Wakeskating is a water sport and an adaptation of wakeboarding that employs a similar design of board manufactured from maple or fibreglass. Unlike wakeboarding, the rider is not bound to the board in any way, similar to the skateboard, from which the name derives.

== Design ==
Fins are constructed of plastic, fiberglass or aluminum. Shorter fins must be deeper to get the same amount of tracking. A shallower fin does not track as well as a deeper one. But a deeper fin has more drag in the water, and does not release from the water as fast.

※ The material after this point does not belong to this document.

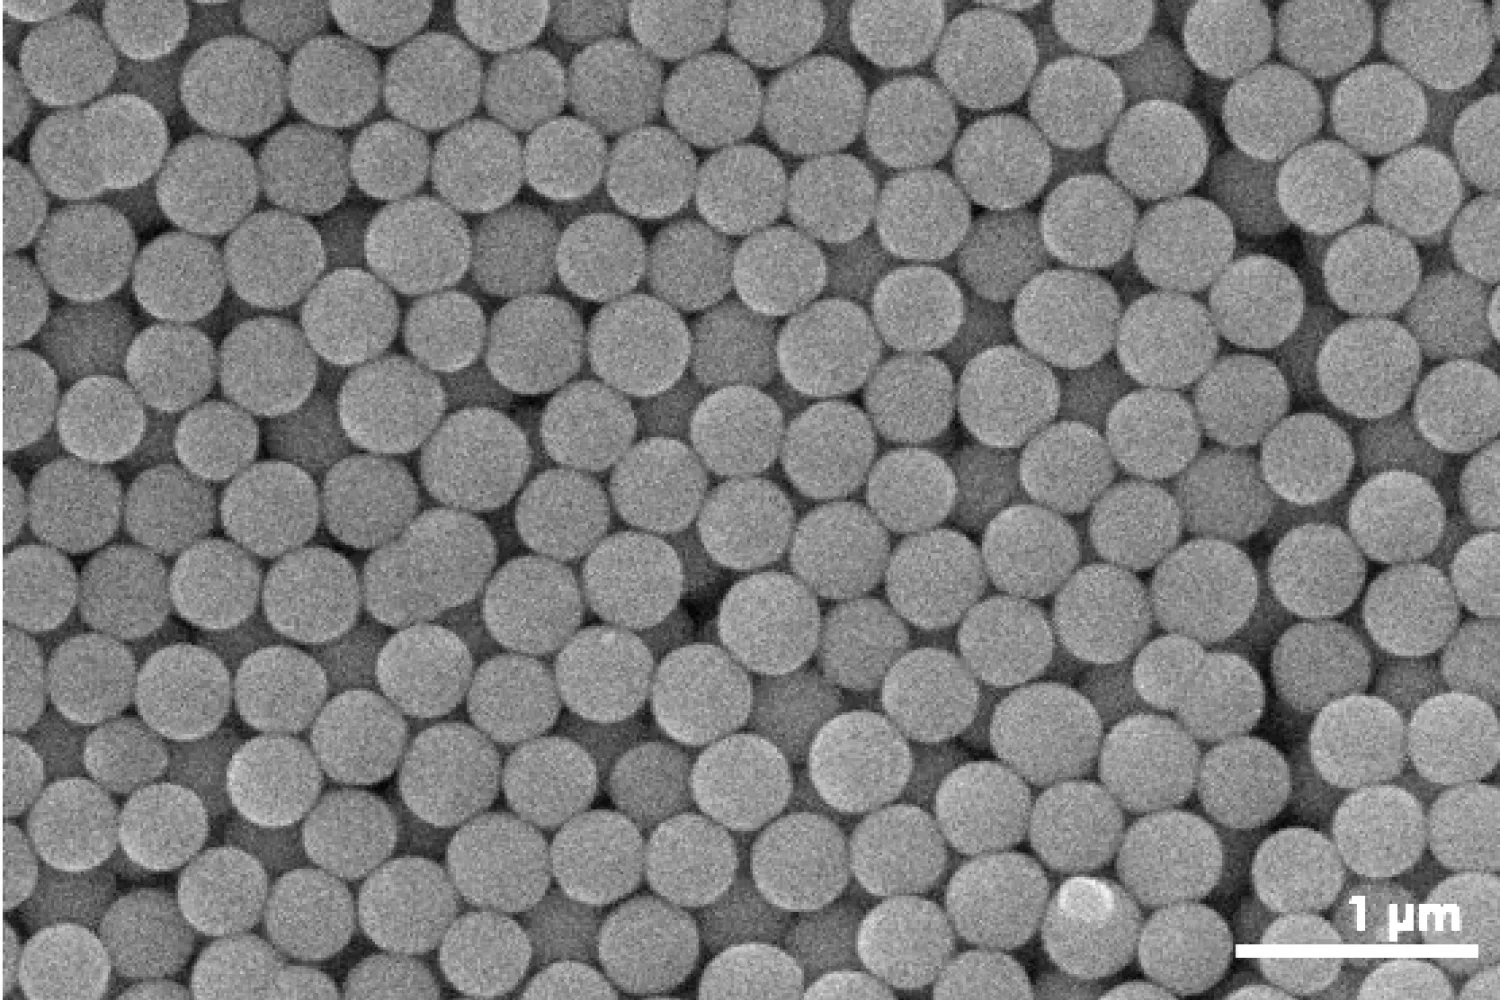 Scanning Electron Microscope image of colloidal particles

Wakeskating shoes are designed with quick drying materials and drainage channels. The drainage channels are a system of holes in the sole and channels through the midsole.
Most wakeskate boards are made with grip tape on the upper side like skateboards. The grip tape is like sandpaper; it helps the rider to stay on the board and provides good traction, and is the main reason why rider wears shoes. Some boards are made with a foam instead of grip-tape, and can be ridden barefoot; the foam is easier on the skin than grip tape in case of a fall.

== History ==
Wakeskating was pioneered by Thomas Horrell in the United States. Wakeskating has become urbanized due to the advent of the "winch", a mechanical device with a small horizontal shaft engine that holds a spool of rope and pulls the rope at riding speed.

Wakeskates are characterised by five parameters: size, material, deck shape, deck surface and rocker type.

==Size==

The appropriate length for a wakeskate depends on the rider's weight. A 39-inch wakeskate is suitable for a 180-pound rider. A wakeskate 41 or more inches long is best for a riders weighing 250 pounds or more. Shorter, lighter wakeskates are easy to maneuver and can be easily flicked, but they are comparatively unstable as the rider lands on the surface of the water. Larger wakeskates with more surface area are more stable.

==Material==

Wakeskate may be made of wood, or a composite material. A wood wakeskate consists of a wooden skate coated with marine-grade epoxy that gives it a finished look and prolongs its life. However, wooden wakeskates do not last as long as composite ones as the wood degrades with constant exposure to water, and do not usually have a manufacturer's warranty.

More expensive composite wakeskates, made of synthetic materials that do not degrade quickly with exposure to water, are more popular especially among professional riders because of their lighter weight and longer life.